● **ASSIGNMENT**: The whole listing needs retyping exactly; keep the pictures out of it.

● **PROVIDED DATA**:
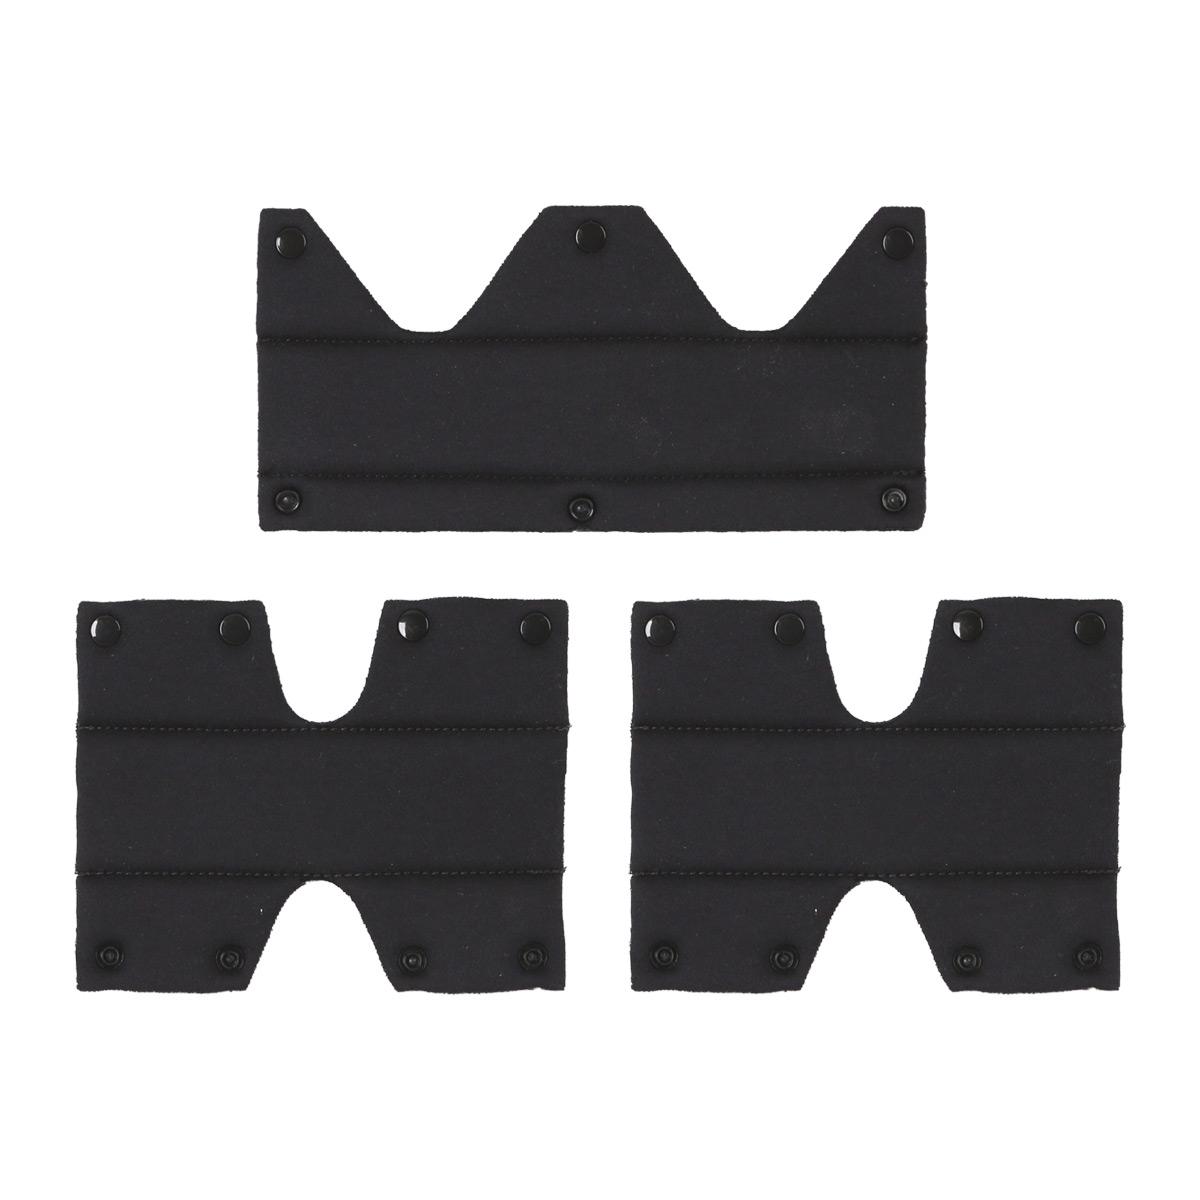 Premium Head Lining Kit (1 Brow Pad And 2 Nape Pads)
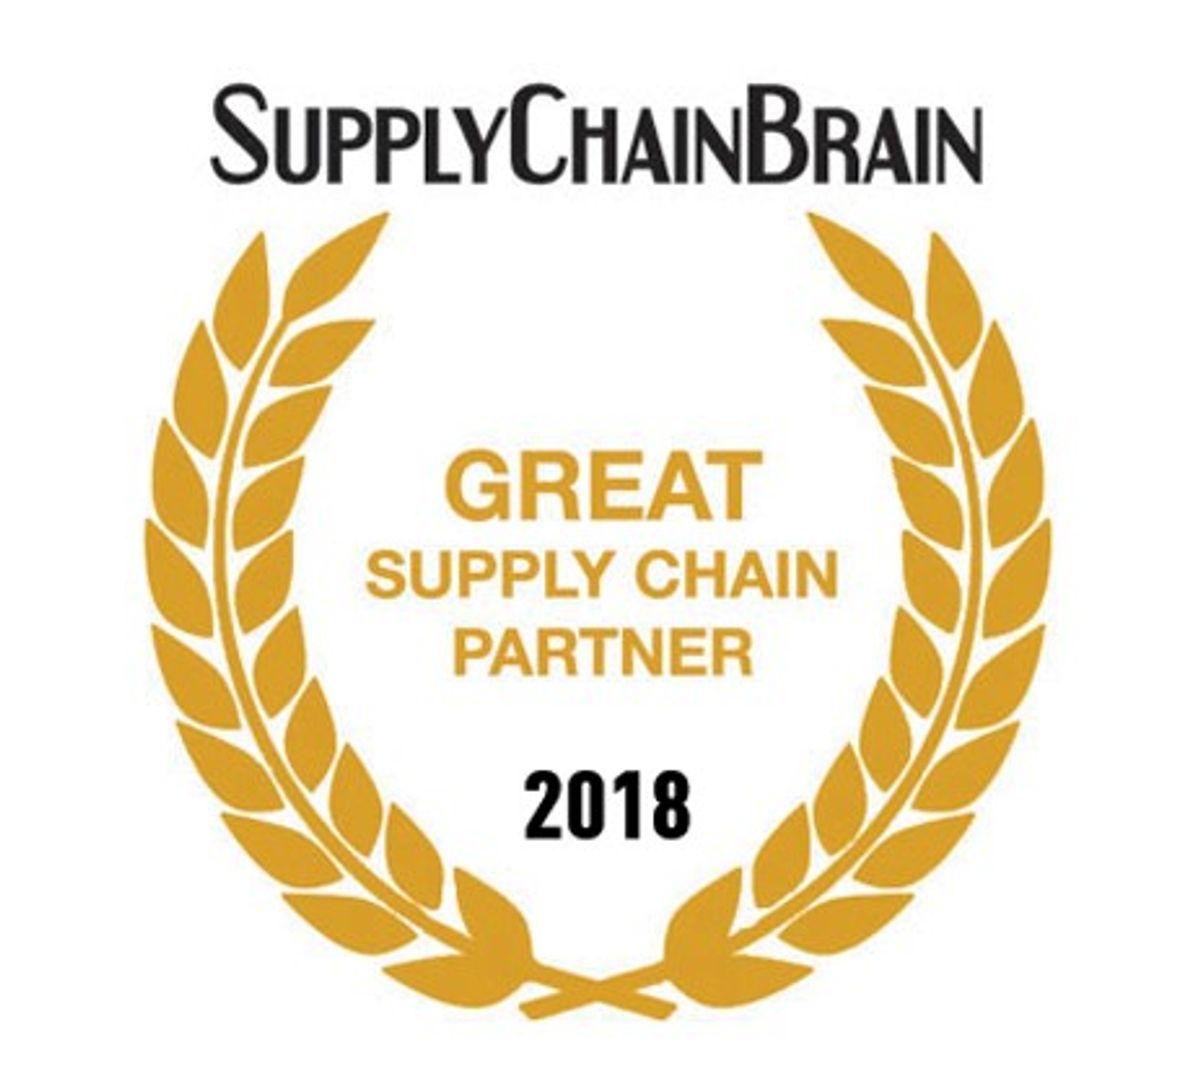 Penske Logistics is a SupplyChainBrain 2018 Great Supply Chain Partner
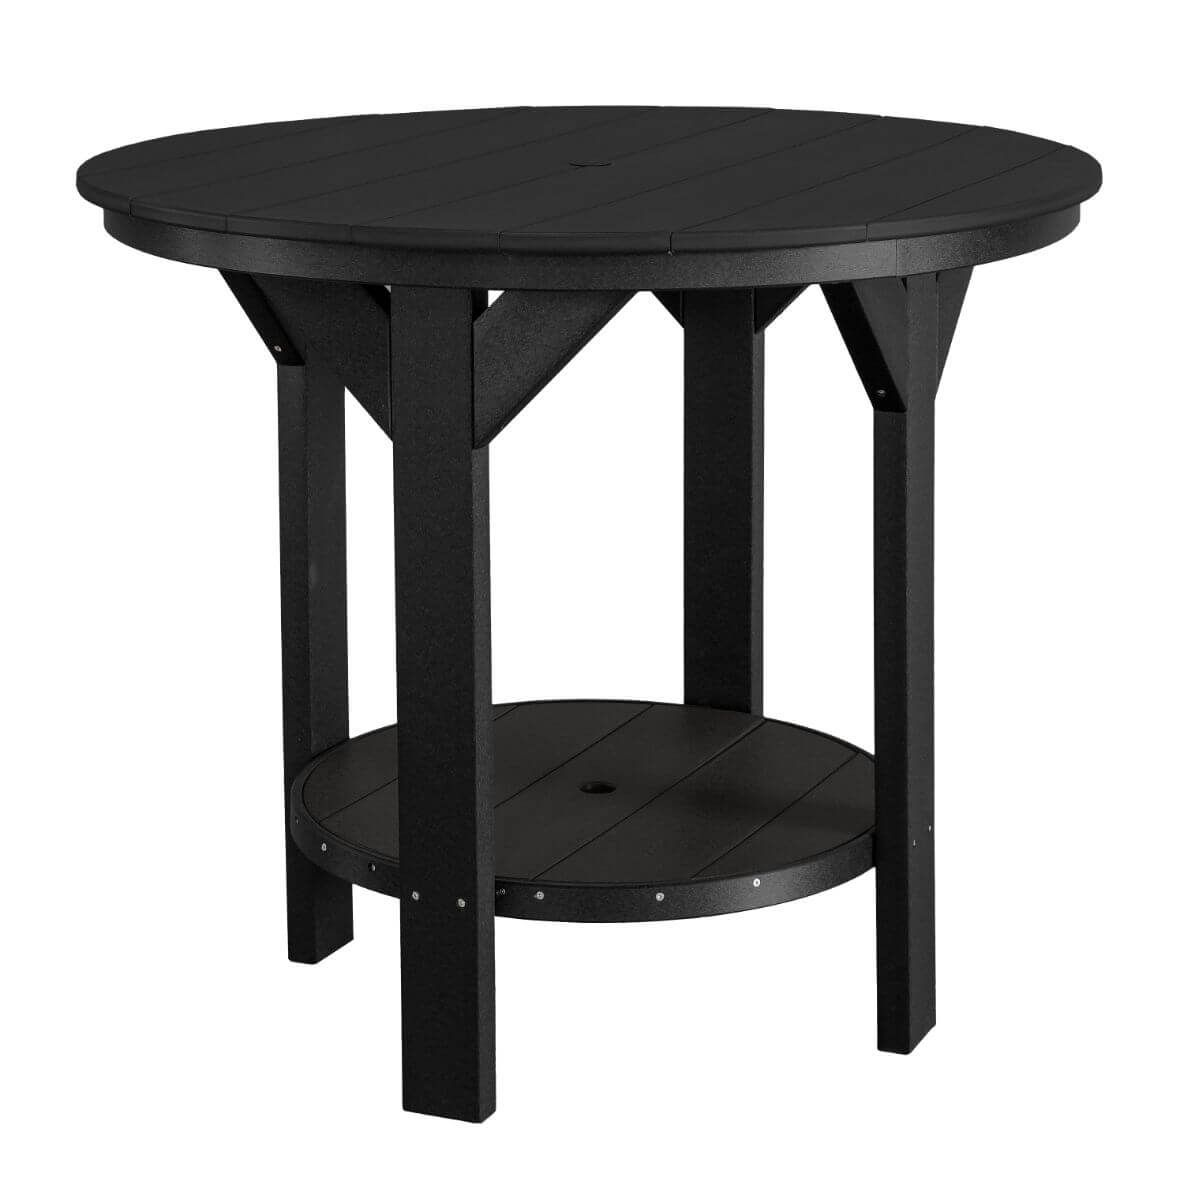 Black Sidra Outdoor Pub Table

● **OUTPUT FOR THIS TASK**:
 Premium Head Lining Kit (1 Brow Pad And 2 Nape Pads)
 Penske Logistics is a SupplyChainBrain 2018 Great Supply Chain Partner
 Black Sidra Outdoor Pub Table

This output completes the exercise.